CHAPTER 10: Data Management In
ONLINE RESOURCES
1. Several online medical dictionaries available such as Dorland's online
medical dictionary or Stedman's online medical dictionary are wonderful aid
in getting the information related to various diseases or getting familiar with
medical terminologies.
2. Assistance of software can be taken for learning medical terminologies and
spell check. A variety of them are available online for free.
3. A range of online medical and pharmaceutical journals are available for free.
These journals can provide information related to a particular disease, its
pathology, treatment modalities, and recent advances in therapeutics. They
are a very good source for preparing background information for
investigator's brochure or materials for health care professionals or
marketing, etc.
4. Besides, there are lots of free online books available that can assist in
gathering information regarding the subject or the disease selected.

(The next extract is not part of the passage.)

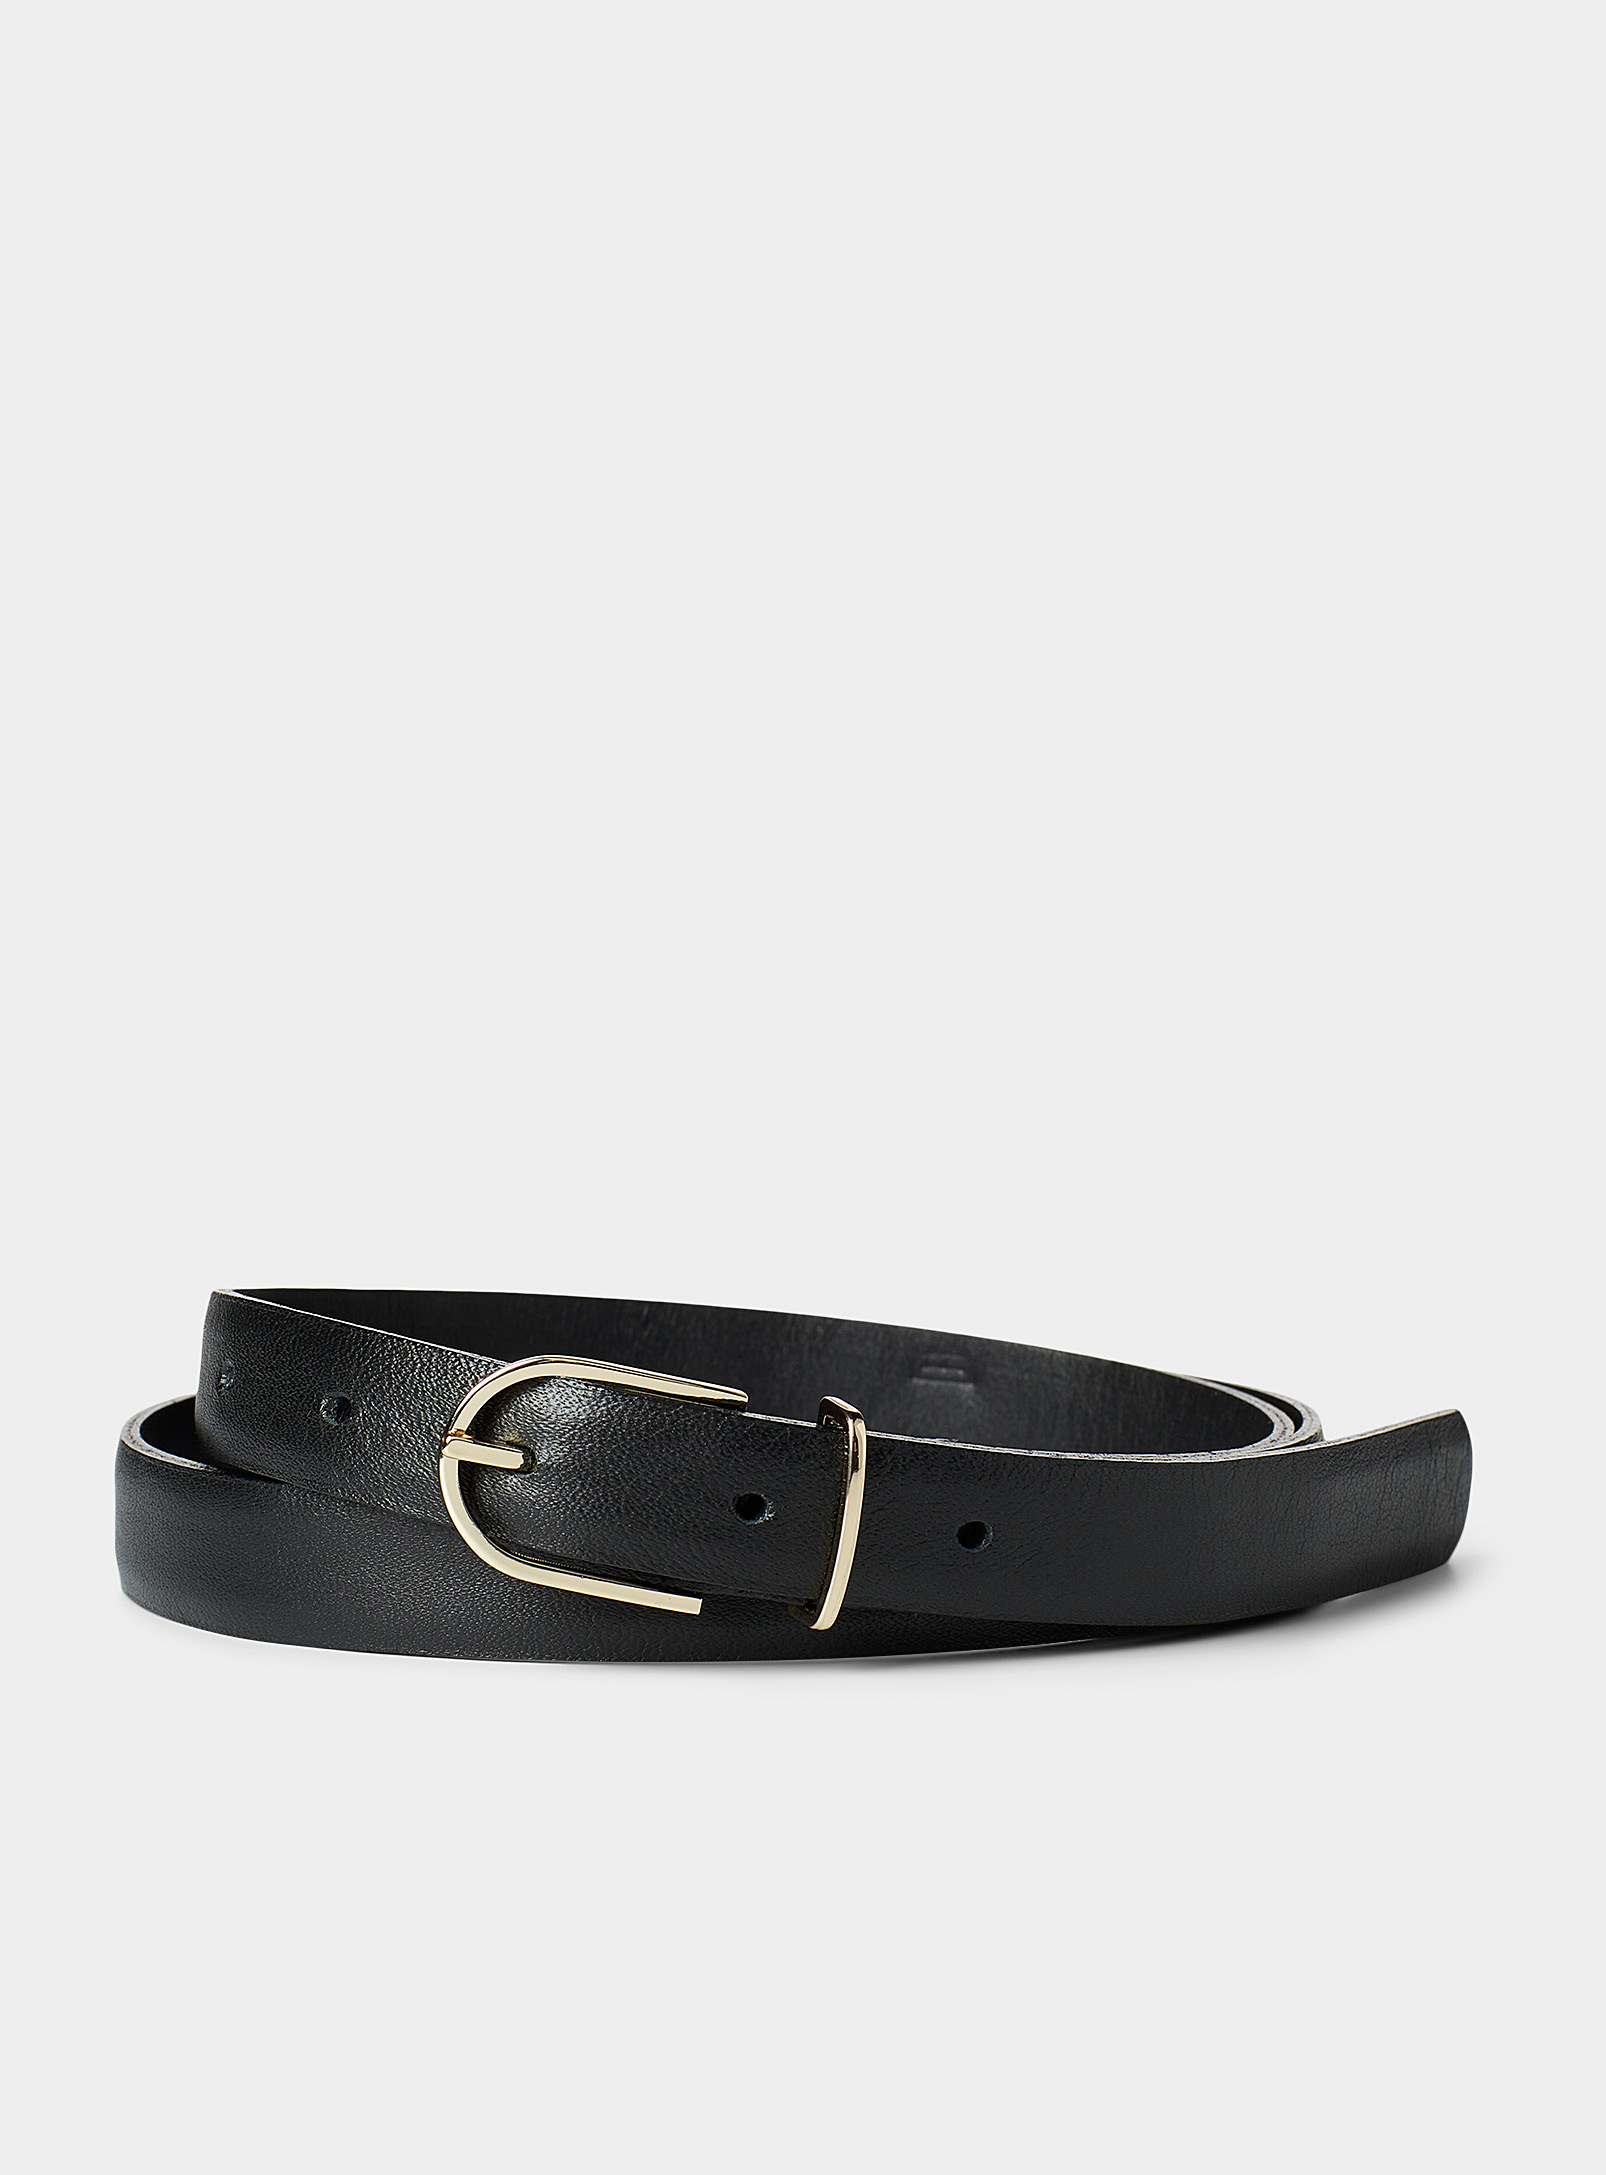 Simons - Women's Thin D-ring mini-buckle belt
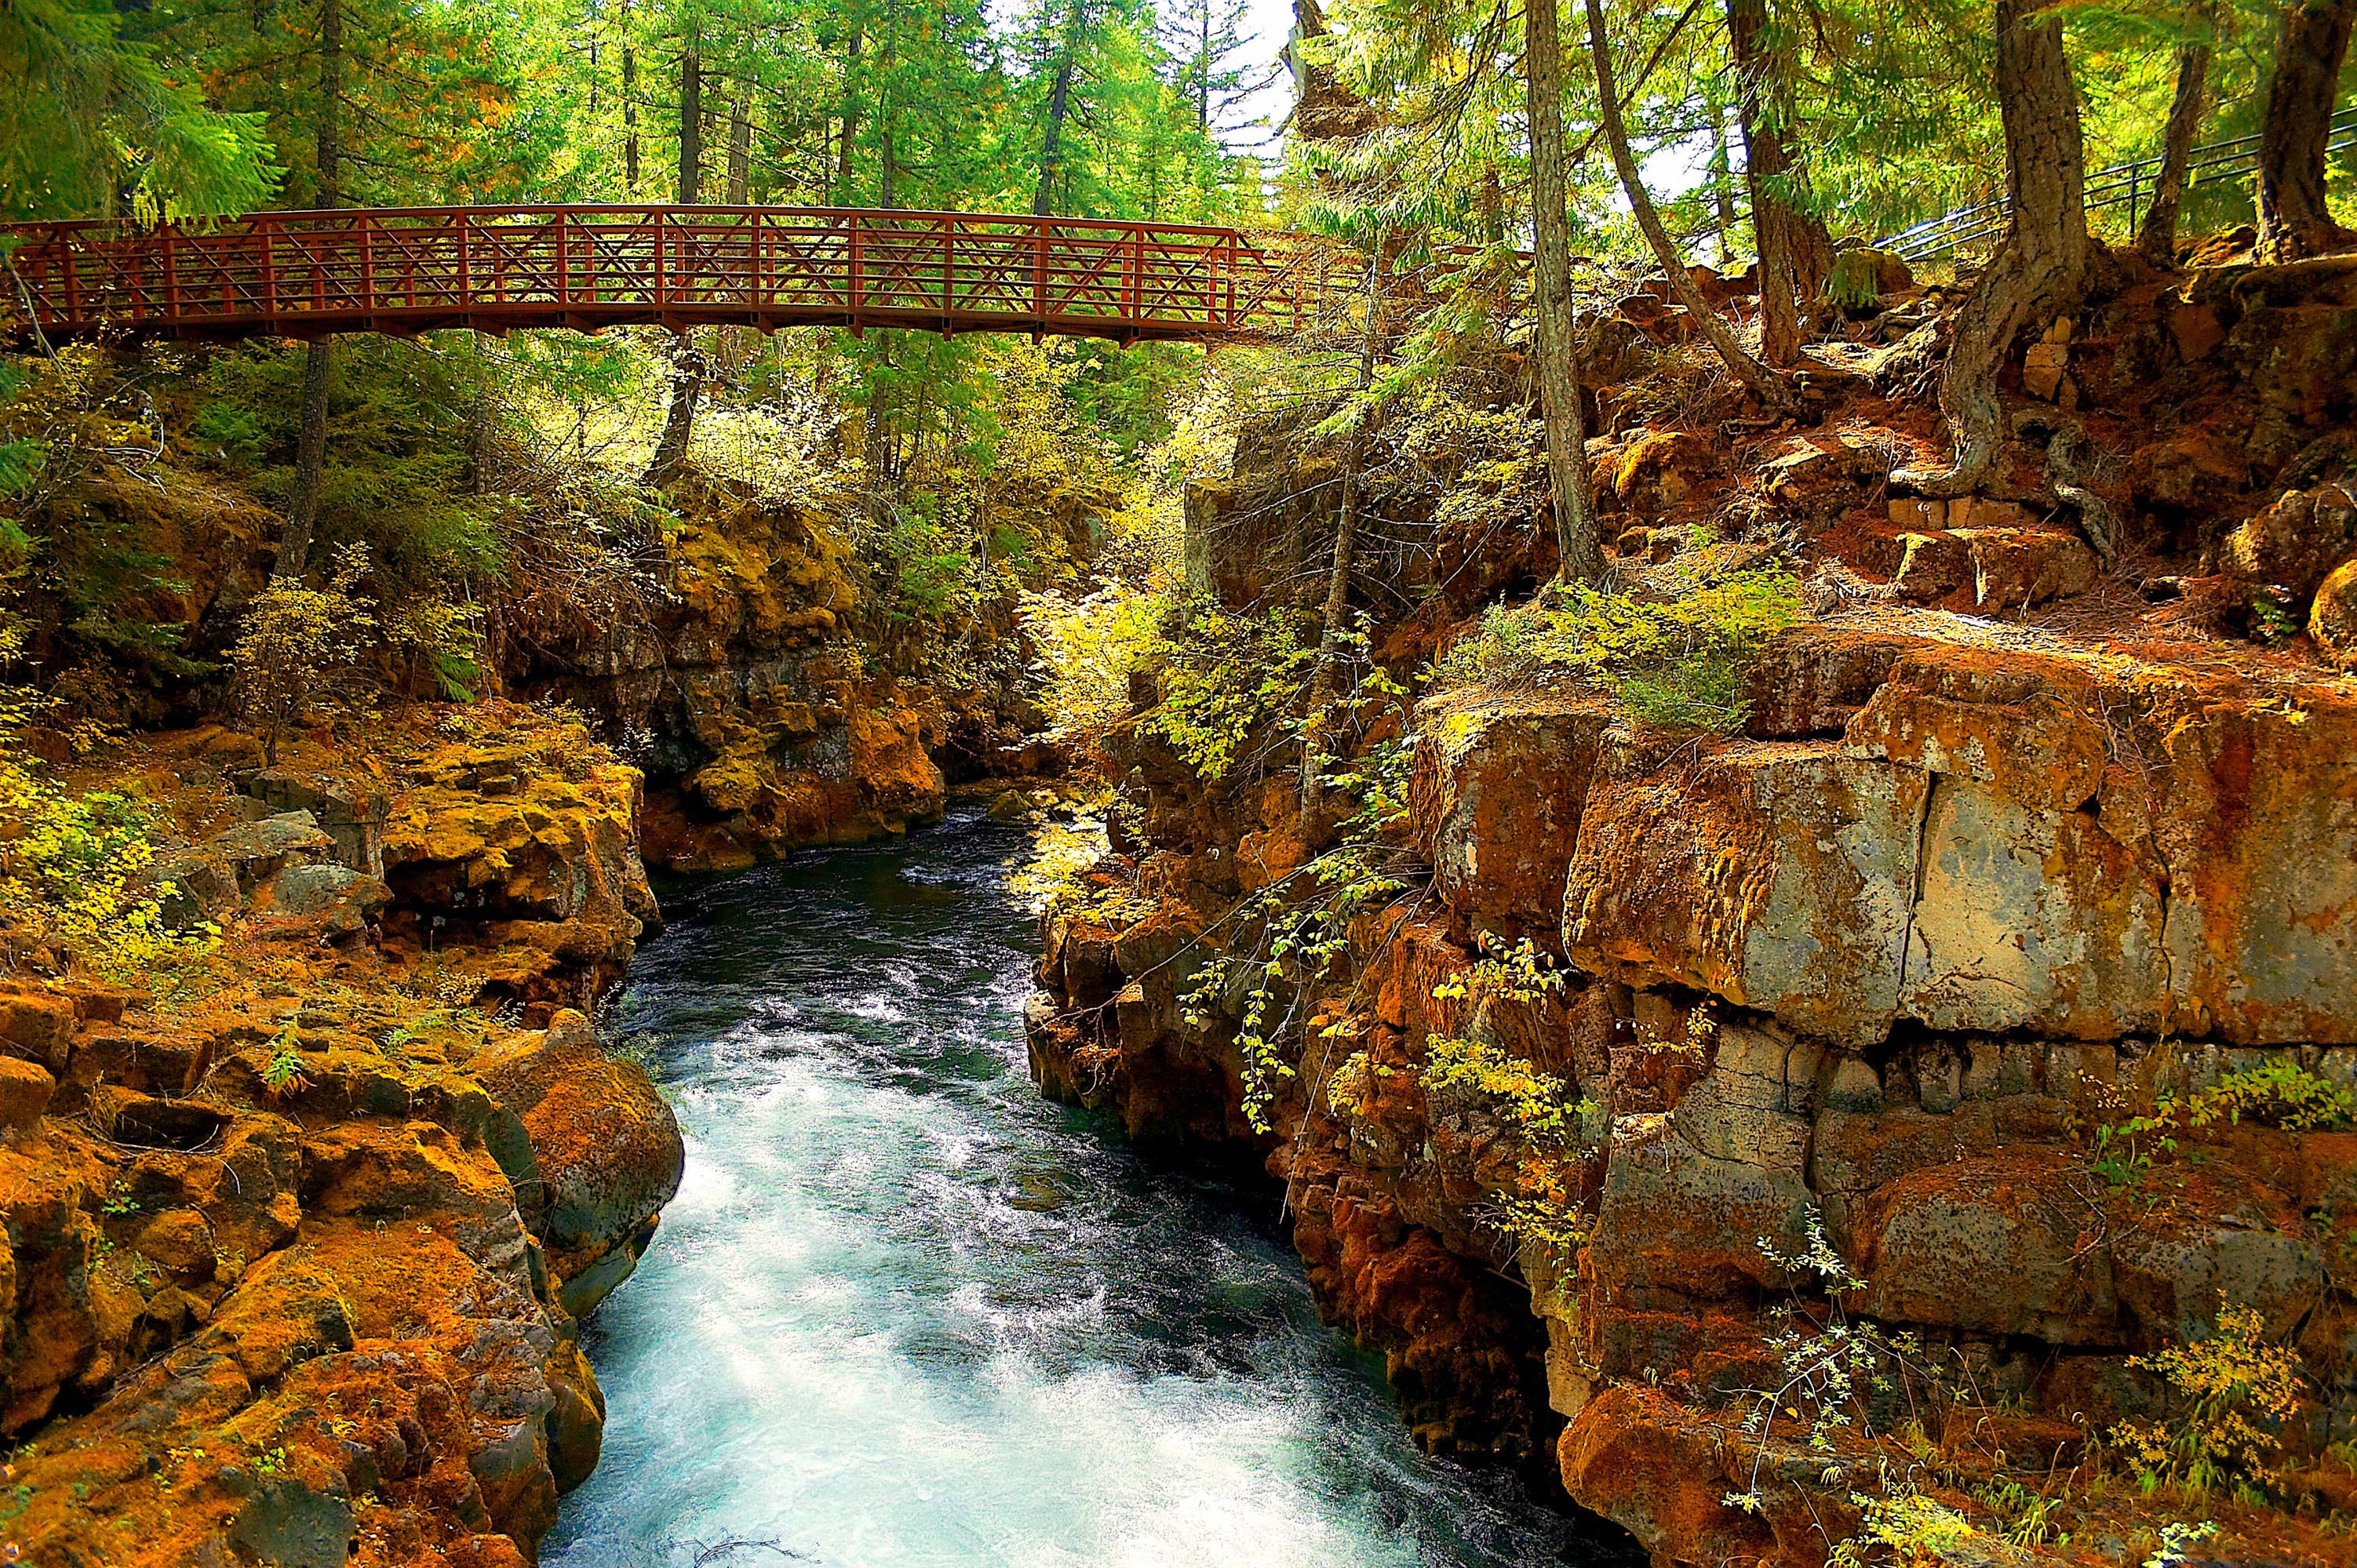 File:Rogue River Oregon USA.jpg - Wikipedia

5. The author may need information about the latest drugs used for the medical
therapy of diseases and regulations for the drug trials and marketing. He
should be well acquainted with such regulations. Country wise regulatory
guidelines are available at the site of most of the regulatory authorities.
Some of the regulatory authorities are CDSCO (India), FDA (US), ANVISA
(Brazil), MHRA (UK), WHO, EU (Europe) whose websites are given below.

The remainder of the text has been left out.